Le débat sur les répercussions d’une augmentation du salaire minimum sur l’emploi ne se limite pas à une guerre de mots empirique pour les personnes qui comptent chacun de leurs sous. Si la proportion de personnes ayant un emploi diminue moins que l’augmentation du salaire minimum (« inélastique » en termes économiques), une augmentation du salaire minimum peut alors augmenter le revenu général du groupe formé par les petits salariés. Cela signifie qu’une augmentation du salaire minimum, loin d’accroître la pauvreté, peut en fait la réduire puisque l’accroissement des salaires d’un grand nombre contrebalancerait la diminution du petit nombre qui perdront leur emploi. Compte tenu des récents résultats de la recherche empirique sur le salaire minimum, on s’étonne que des auteurs continuent de soutenir qu’il s’agit d’une politique terriblement mal éclairée. Cela s’explique probablement en partie par l’existence d’un lien étroit entre le salaire minimum et le chômage correspondant théoriquement au modèle de l’offre et de la demande qui est au cœur de la théorie des prix en matière d’économie. À la grande satisfaction des économistes adeptes du néolibéralisme, cette argumentation fournit un excellent exemple du modèle du « danger » de l’intervention gouvernementale dans le fonctionnement du marché.
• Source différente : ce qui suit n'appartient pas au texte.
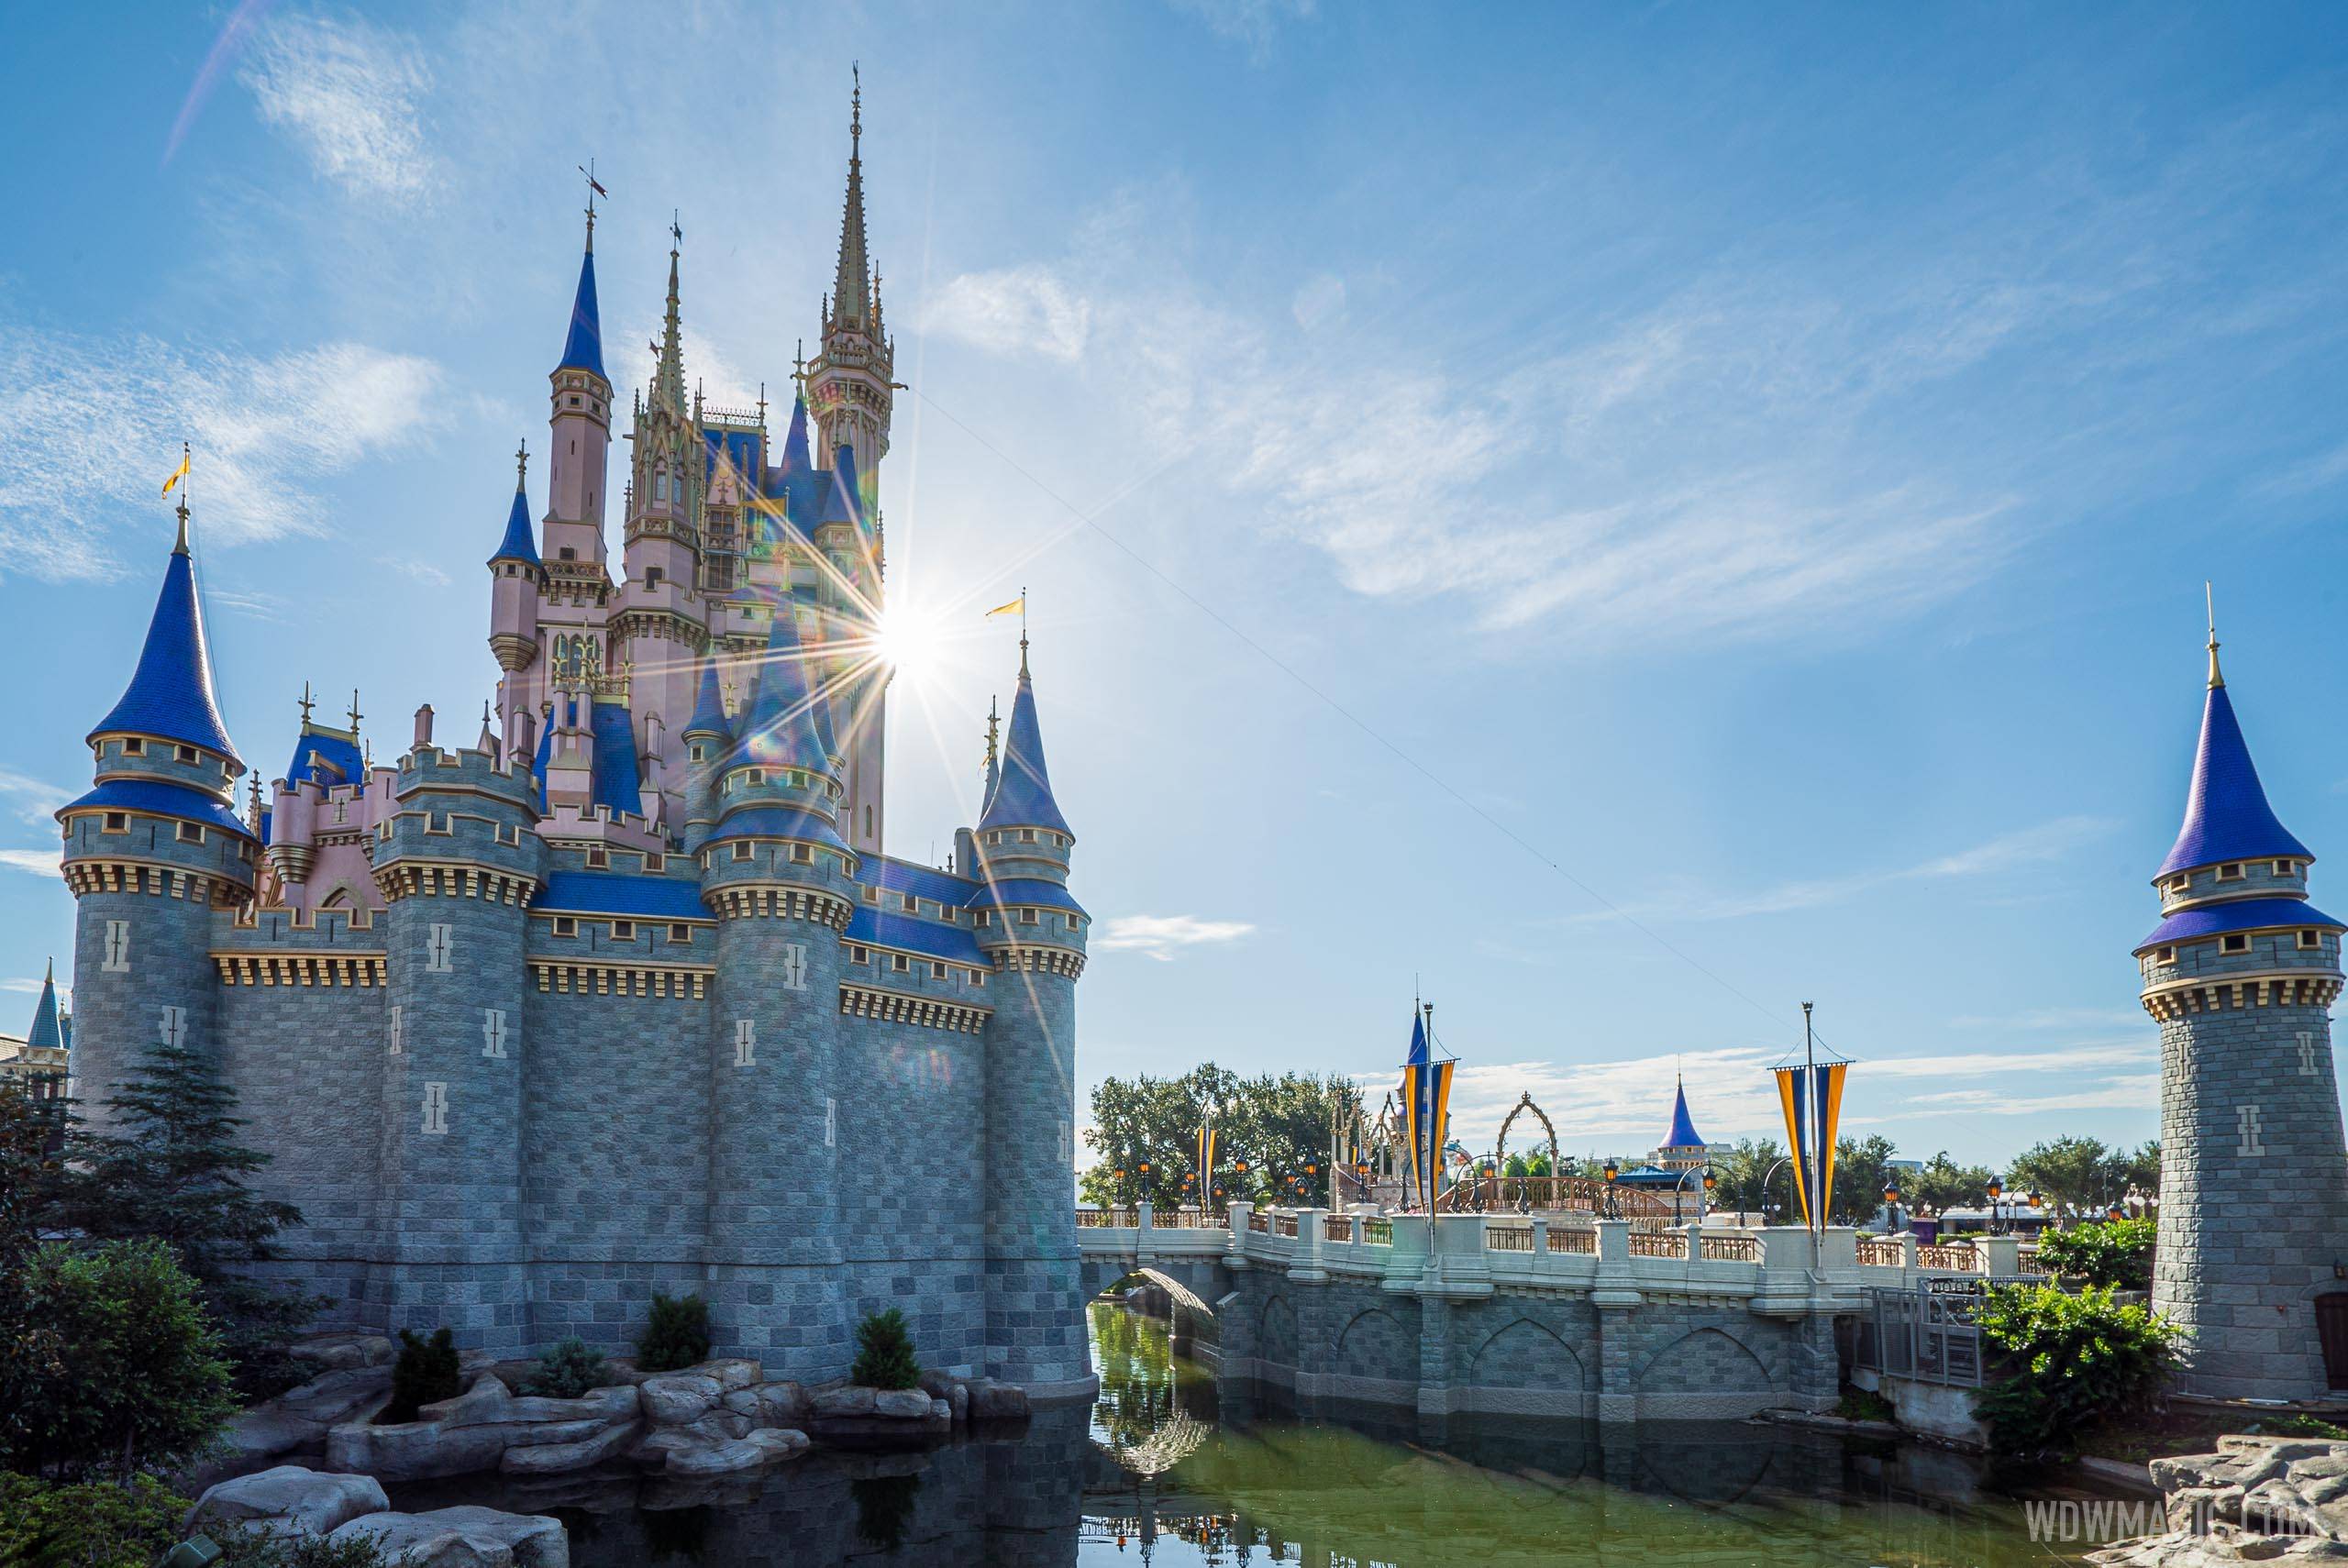 Magic Kingdom will be open for 2 hours longer than originally scheduled
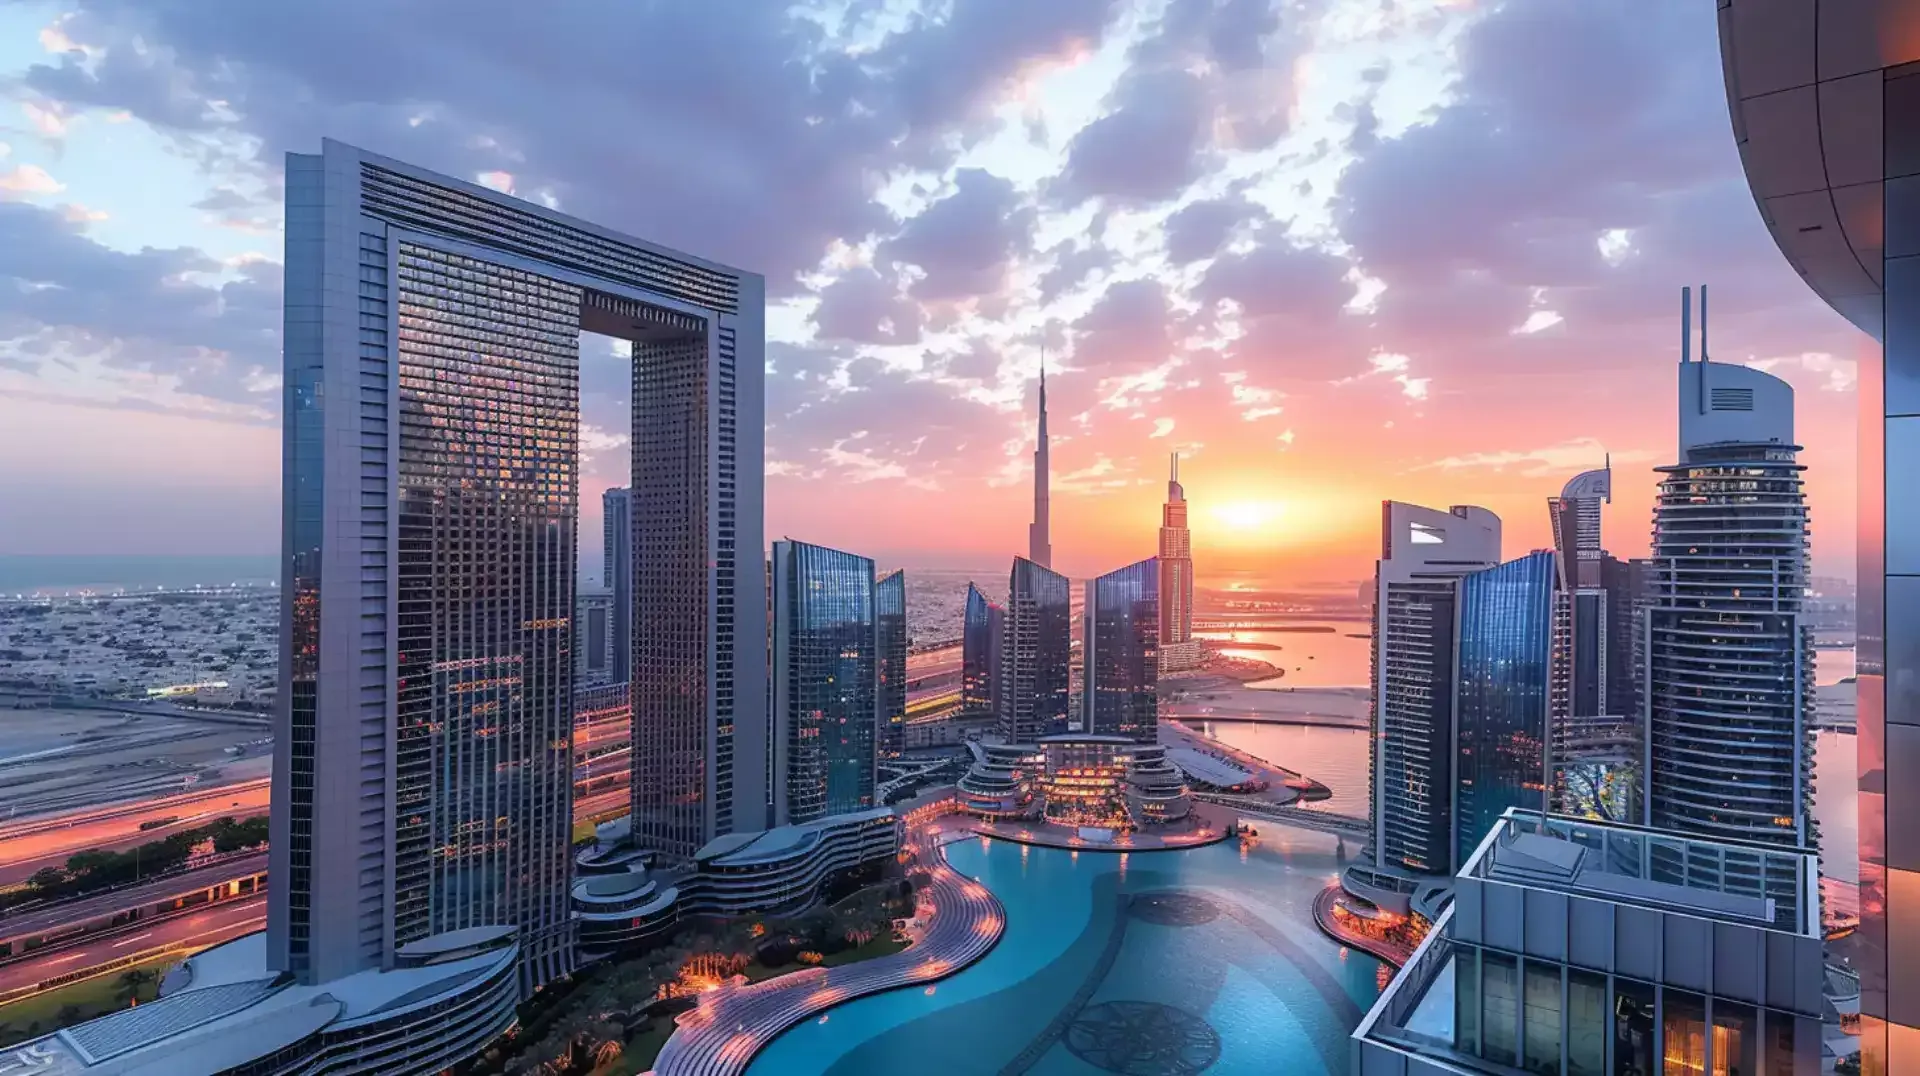 Visual representation of the mandatory legal requirements for businesses operating in Dubai

Par contre, cet attrait sur le plan théorique n’explique pas à lui seul pourquoi on persiste à affirmer que les augmentations du salaire minimum se font au détriment des travailleurs à faible salaire. Les centres de recherche d’orientation néolibérale, tels que le Cato Institute aux É.-U. et l’Institut Fraser au Canada, condamnent à cors et à cris toute augmentation du salaire minimum. Si l’opposition à toute intervention gouvernementale dans le fonctionnement du marché est en accord avec l’idéologie du marché libre de ces centres d’études et de recherches, elle fait aussi l’affaire des entreprises qui les financent.
Il est certain qu’il serait dans l’intérêt public de tenir un honnête débat sur toute la documentation pertinente en matière d’économie.
Monsieur Ian Hudson est professeur agrégé d’économie et associé de recherche de l’Université du Manitoba et du CCPA — Manitoba.